Neural crest


The neural crest is a ridge-like structure that is formed transiently between the epidermal ectoderm and neural plate during vertebrate development. Neural crest cells originate from this structure through the epithelial-mesenchymal transition, and in turn give rise to a diverse cell lineage—including melanocytes, craniofacial cartilage and bone, smooth muscle, dentin, peripheral and enteric neurons, adrenal medulla and glia.
After gastrulation, the neural crest is specified at the border of the neural plate and the non-neural ectoderm. During neurulation, the borders of the neural plate, also known as the neural folds, converge at the dorsal midline to form the neural tube.

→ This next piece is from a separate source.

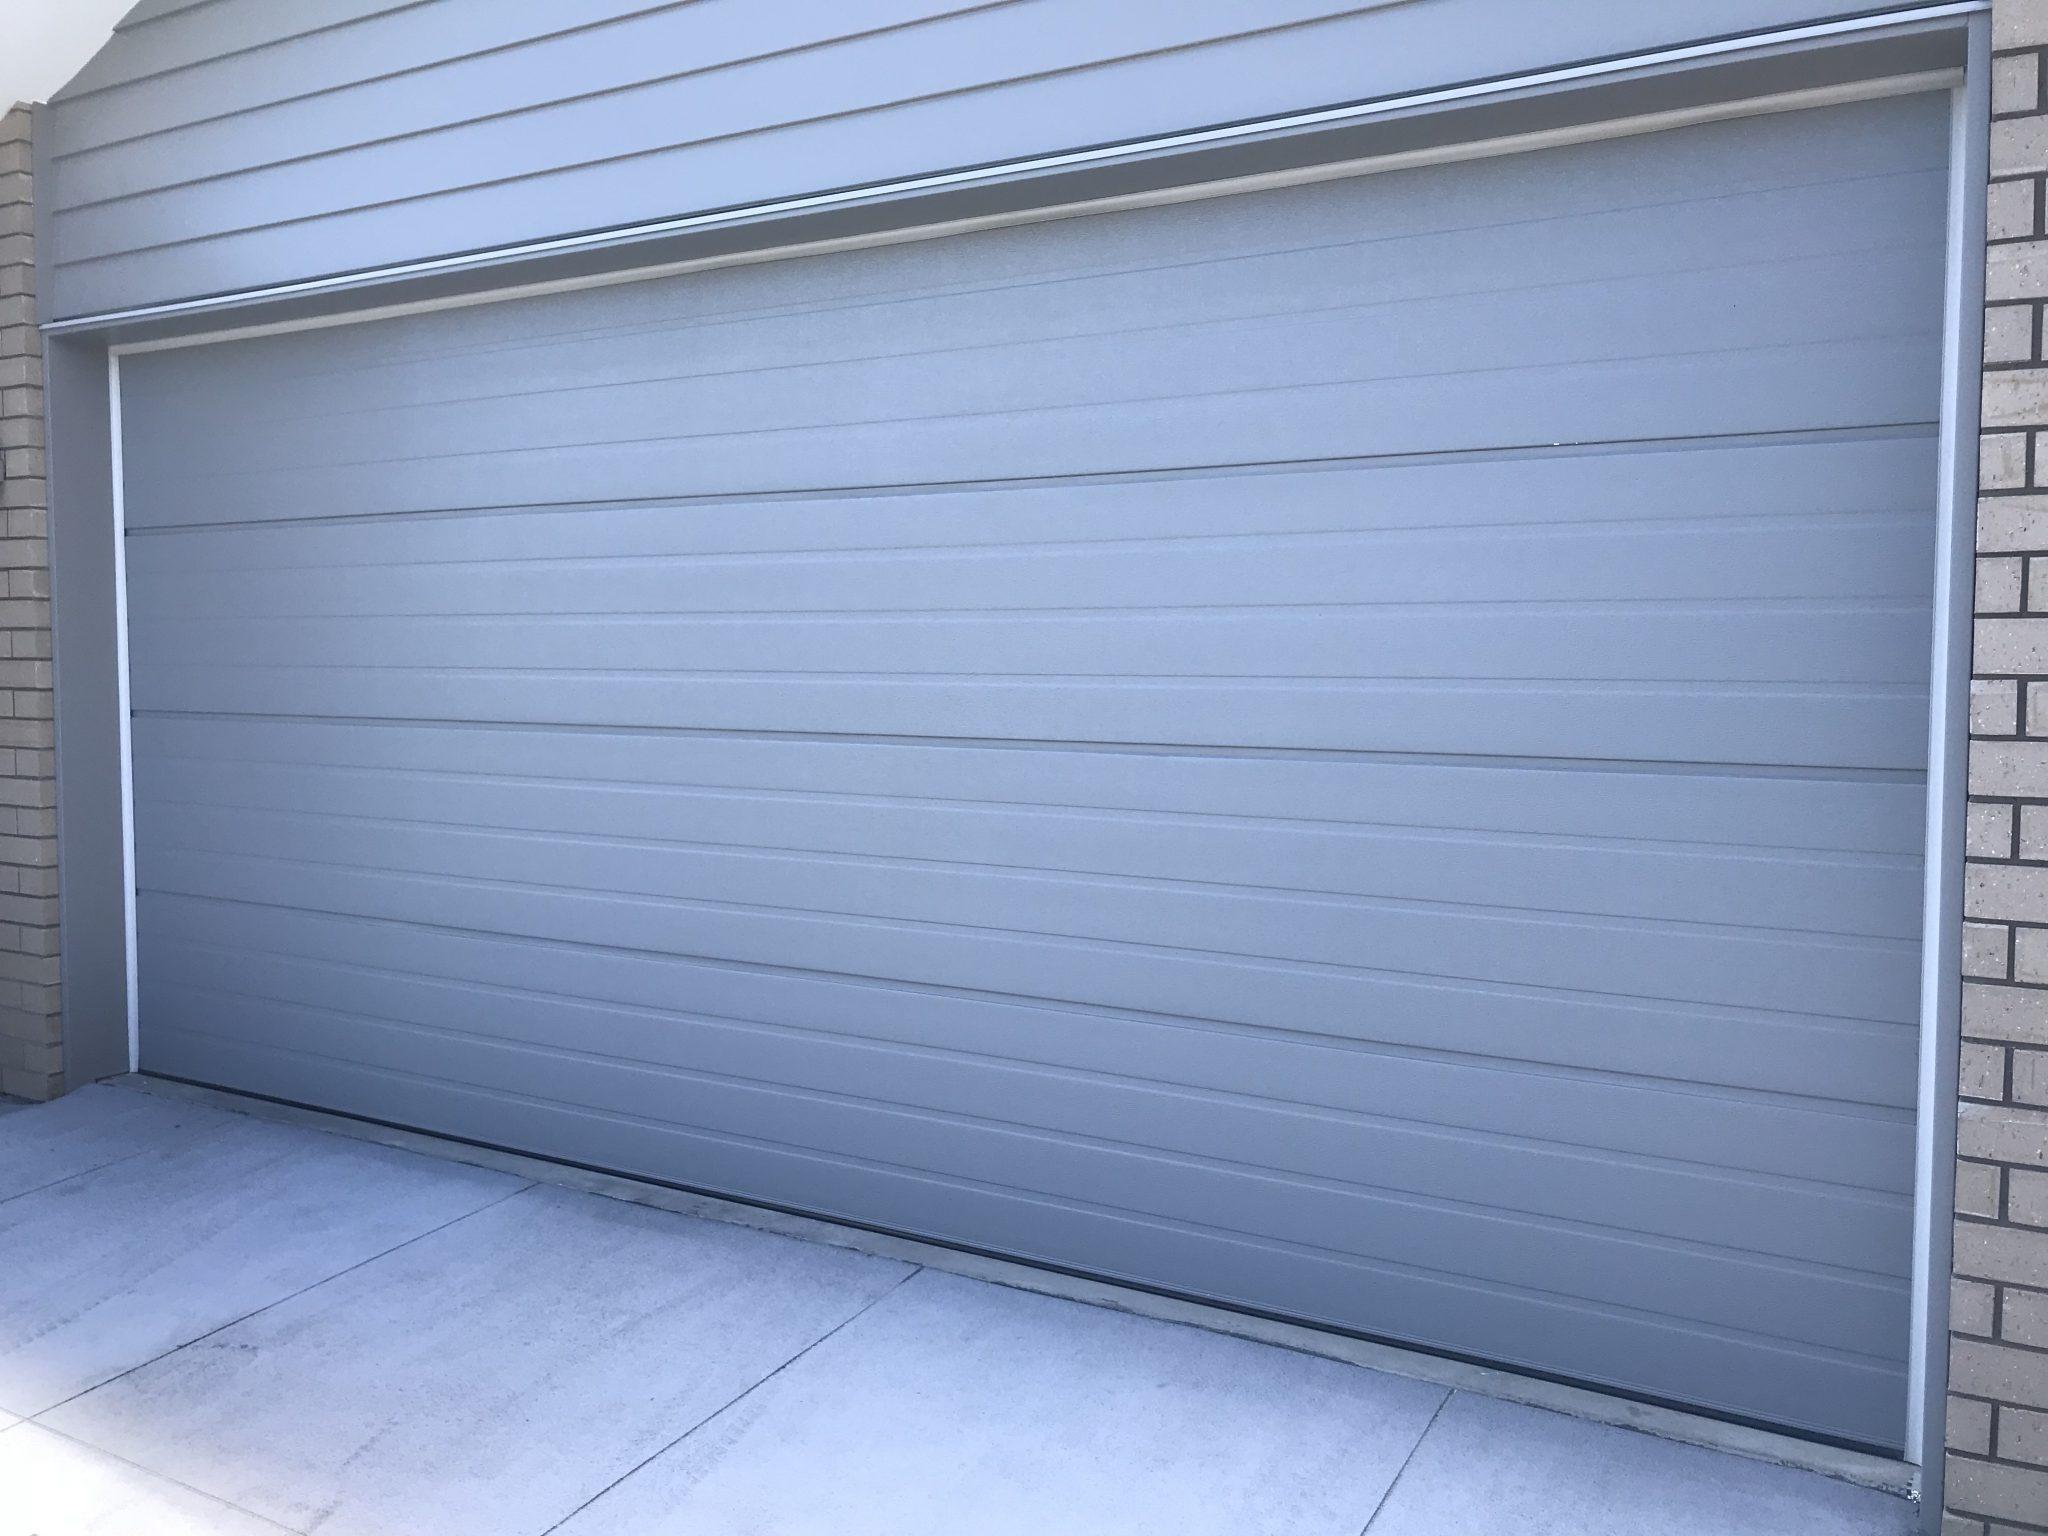 safety door horizontal garage ideas modern folding adeltmechanical doors stainless

Subsequently, neural crest cells from the roof plate of the neural tube undergo an epithelial to mesenchymal transition, delaminating from the neuroepithelium and migrating through the periphery, where they differentiate into varied cell types. The emergence of the neural crest was important in vertebrate evolution because many of its structural derivatives are defining features of the vertebrate clade.
Underlying the development of the neural crest is a gene regulatory network, described as a set of interacting signals, transcription factors, and downstream effector genes, that confer cell characteristics such as multipotency and migratory capabilities. Understanding the molecular mechanisms of neural crest formation is important for our knowledge of human disease because of its contributions to multiple cell lineages. Abnormalities in neural crest development cause neurocristopathies, which include conditions such as frontonasal dysplasia, Waardenburg–Shah syndrome, and DiGeorge syndrome.
Defining the mechanisms of neural crest development may reveal key insights into vertebrate evolution and neurocristopathies.

History

The neural crest was first described in the chick embryo by Wilhelm His Sr. in 1868 as "the cord in between" because of its origin between the neural plate and non-neural ectoderm. He named the tissue "ganglionic crest," since its final destination was each lateral side of the neural tube, where it differentiated into spinal ganglia. During the first half of the 20th century, the majority of research on the neural crest was done using amphibian embryos which was reviewed by Hörstadius in a well known monograph.
Cell labeling techniques advanced research into the neural crest because they allowed researchers to visualize the migration of the tissue throughout the developing embryos. In the 1960s, Weston and Chibon utilized radioisotopic labeling of the nucleus with tritiated thymidine in chick and amphibian embryo respectively. However, this method suffers from drawbacks of stability, since every time the labeled cell divides the signal is diluted. Modern cell labeling techniques such as rhodamine-lysinated dextran and the vital dye diI have also been developed to transiently mark neural crest lineages.
The quail-chick marking system, devised by Nicole Le Douarin in 1969, was another instrumental technique used to track neural crest cells. Chimeras, generated through transplantation, enabled researchers to distinguish neural crest cells of one species from the surrounding tissue of another species. With this technique, generations of scientists were able to reliably mark and study the ontogeny of neural crest cells.

Induction

A molecular cascade of events is involved in establishing the migratory and multipotent characteristics of neural crest cells. This gene regulatory network can be subdivided into the following four sub-networks described below.

Inductive signals

First, extracellular signaling molecules, secreted from the adjacent epidermis and underlying mesoderm such as Wnts, BMPs and Fgfs separate the non-neural ectoderm from the neural plate during neural induction.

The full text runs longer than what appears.